Four Key Stages of a Physician Practice M&A Transaction
- Letter of Intent: As with non-healthcare areas of M&A transactions, the letter of intent (LOI) can be important and beneficial to the buyer and seller. For the buyer, the goal of the LOI is to get the seller under exclusivity. More often than not, these types of acquisitions are less competitive and the buyer may get a longer exclusivity period, as the due diligence process will take longer. For the seller, the LOI provides an opportunity to gather as much detail as possible on the terms of the transaction, such as sale price, employment agreements, covenant terms, etc.
- Due Diligence: By performing due diligence, involved parties mitigate risk by identifying early-on healthcare-related compliance issues.

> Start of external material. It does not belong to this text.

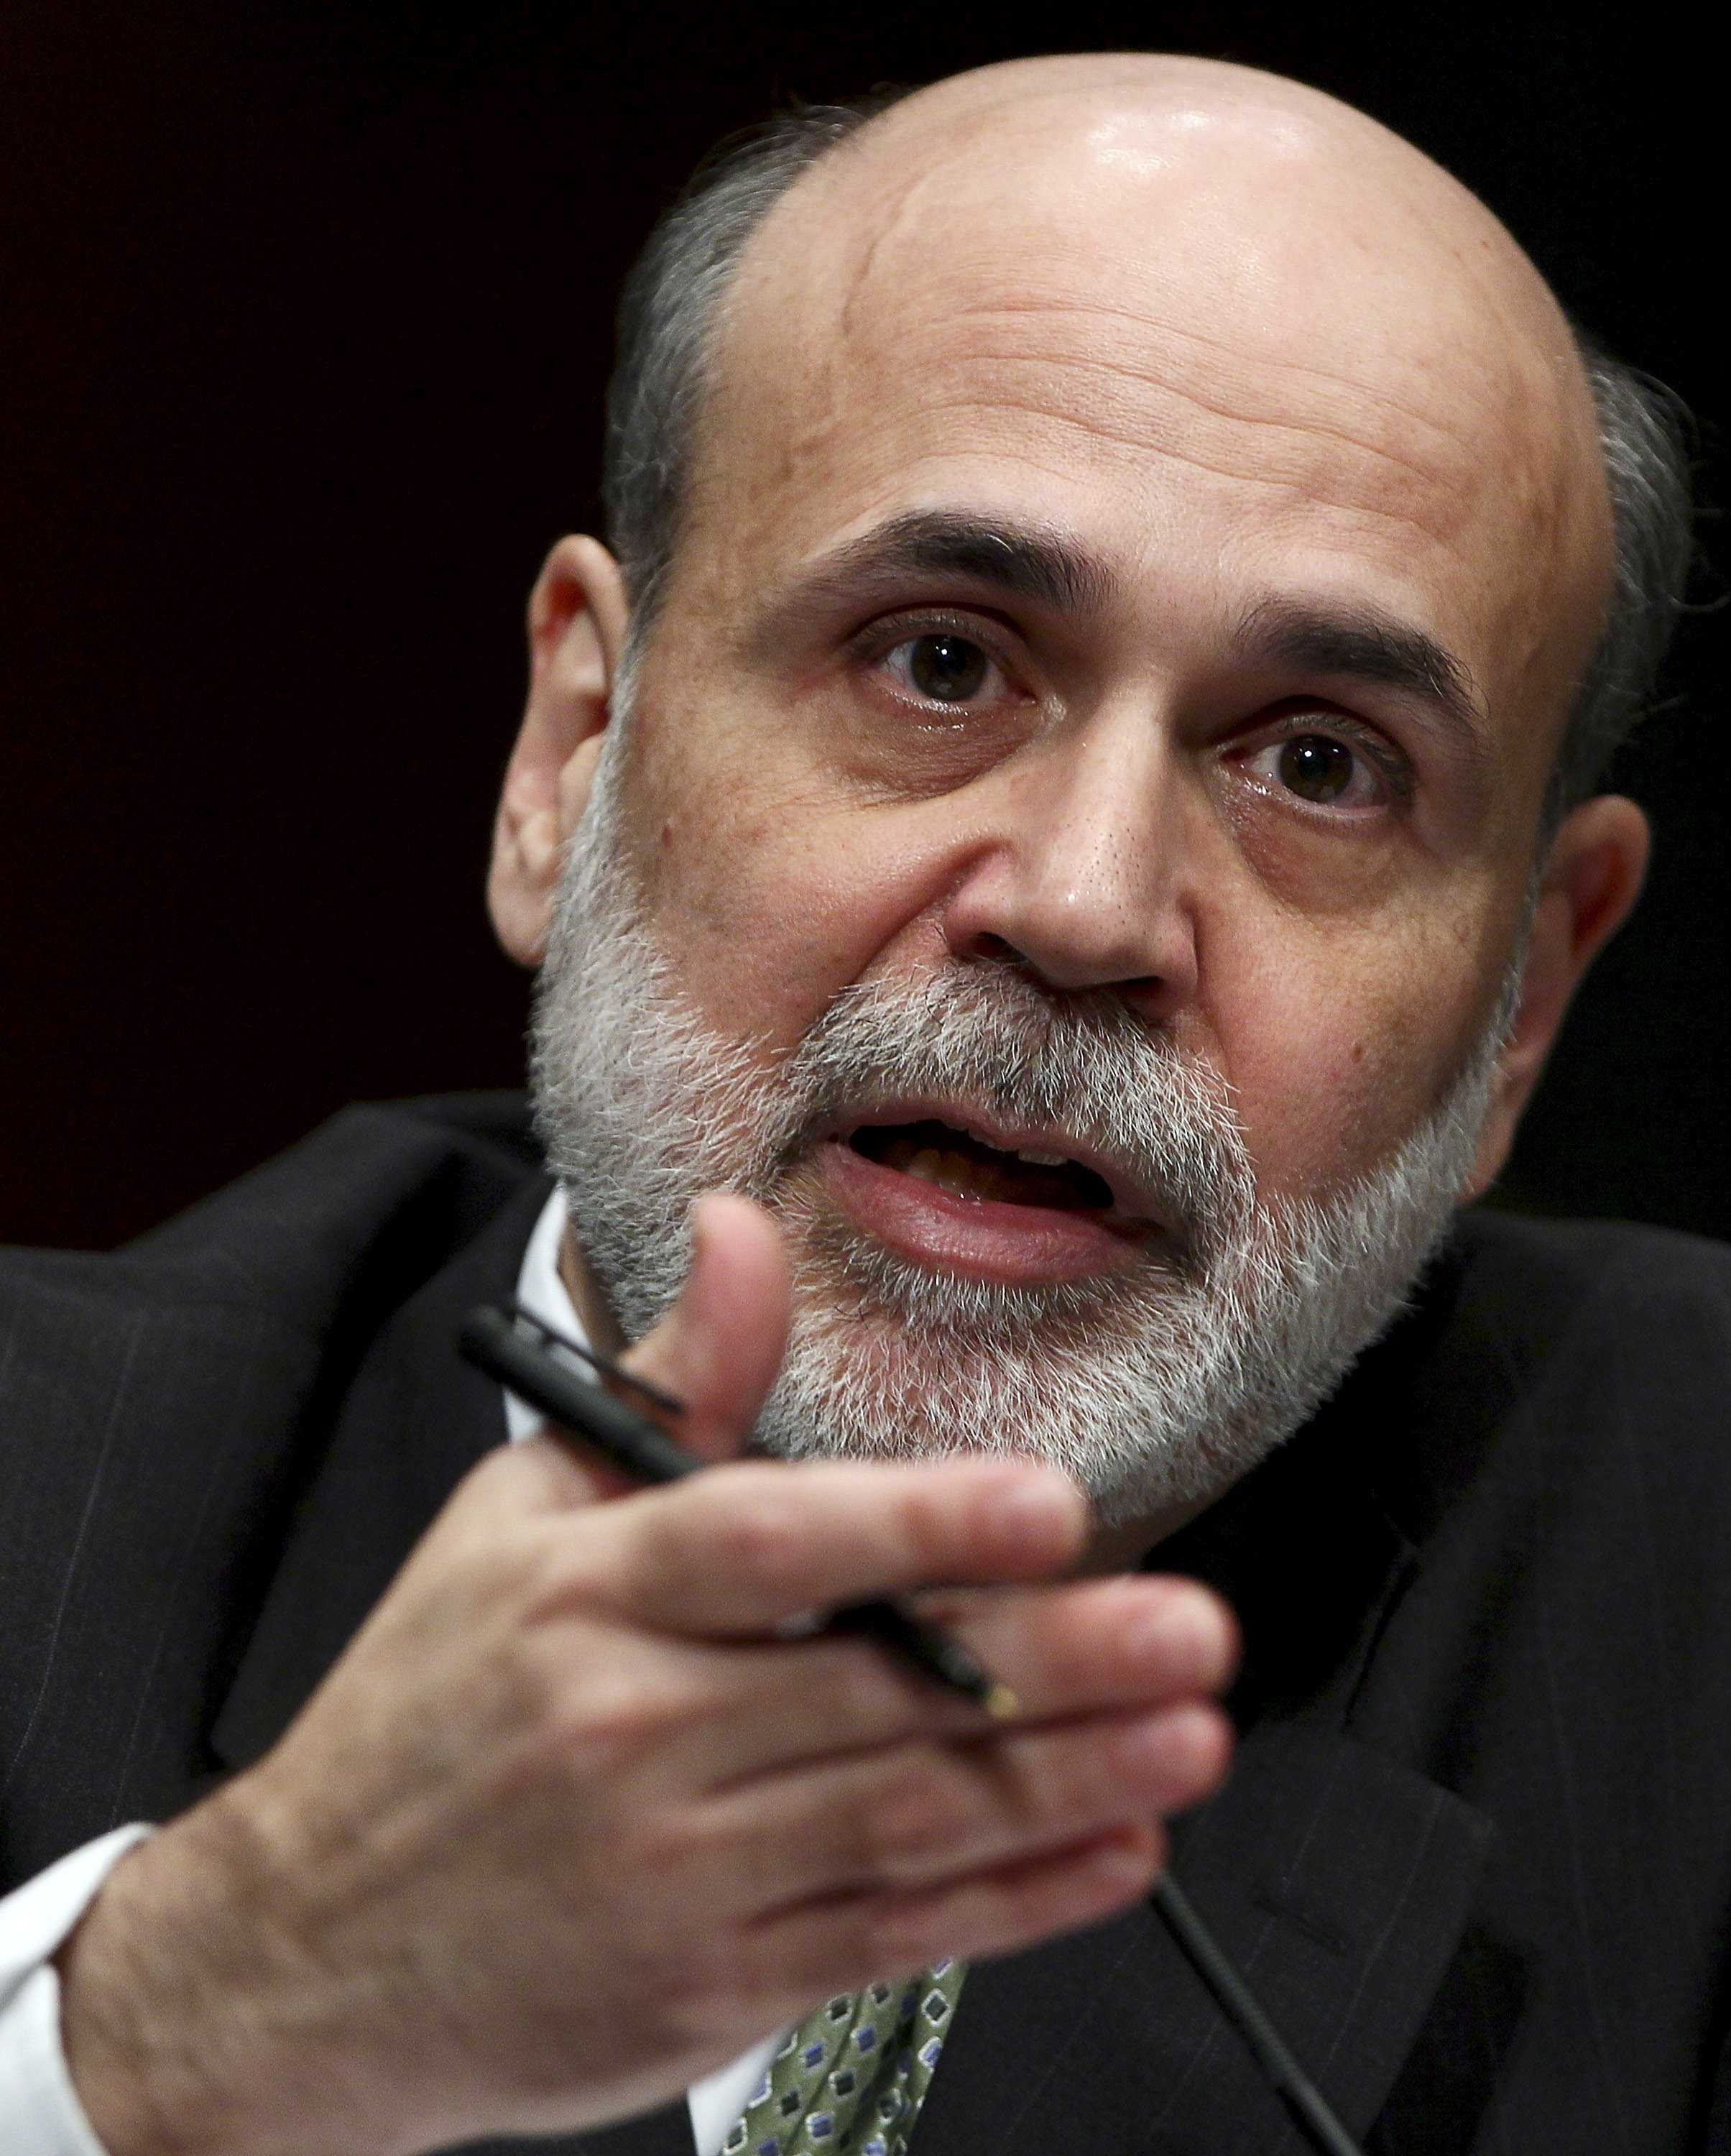 Ben Bernanke Image

In transactions where the buyer plans to obtain representation and warranty insurance (RWI) coverage, or the buyer is obtaining debt financing, comprehensive legal due diligence and accompanying reports are required. However, even when RWI coverage and debt financing are not in play, organized and thoughtful due diligence can be critical.
- Key regulatory issues will vary based on physician practice specialty, such as ortho, GI, women’s health, substance abuse, and hospital-based specialties. Diligence should be customized by specialty.
- Healthcare regulatory due diligence typically consists of the following: written diligence requests for documents and information; engaging experts to conduct billing and coding review and fair market value evaluations; and management interview with physician owner or practice administrator.
- When performing healthcare diligence, common areas to review include assessing an existing full or partial compliance program, reviewing payor agreements, analyzing fraud and abuse risk, reviewing at billing and coding programs, confirming necessary licensure/CPOM, and evaluating privacy compliance.
- Physician practices should conduct due diligence for their non-healthcare items as well, including, most notably, employment and employee benefits matters, corporate and material contracts, real estate, intellectual property, and others.
- Transaction Documents: In the primary transaction document, rollover equity is often a huge component of any physician practice acquisition, since buyers need the selling physicians to remain invested in the practices post-sale or otherwise risk having them leave or retire. Buyers will want to consider early on what percentage of rollover they expect selling physicians to maintain, who the rollover participants will be, and how best to structure in a tax-efficient way for both buyer and sellers. The acquisition agreement must also give due consideration to purchase price adjustment mechanics, sufficient representations and warranties and indemnity obligations, and appropriately tailored restrictive covenants. Perhaps even more negotiated than the primary purchase agreement is the new set of employment agreements created for the selling physicians, given they are often coming from a place where they were the sole owners in charge of everything. For a PE company, another important set of transaction documents is the practice management documents, including the management services agreement. This includes making sure physicians are aware of associated management fees, as well as the Directed Equity Transfer Agreement. Other documents and attachments effectuate the provision of administrative and management services on a non-clinical services basis.
- Post-Closing Obligations: For a PE firm, some healthcare-related items on their post-closing list should include notifying government agencies of a “change of information” filing (often within 30 days of closing) as well as relevant notifications to licensing agencies and commercial payors. Buyers should closely track due diligence recommendations stemming from the preclosing due diligence process, and build a plan to cover themselves from a compliance and legal perspective, but also set up themselves up for success in future exit transactions.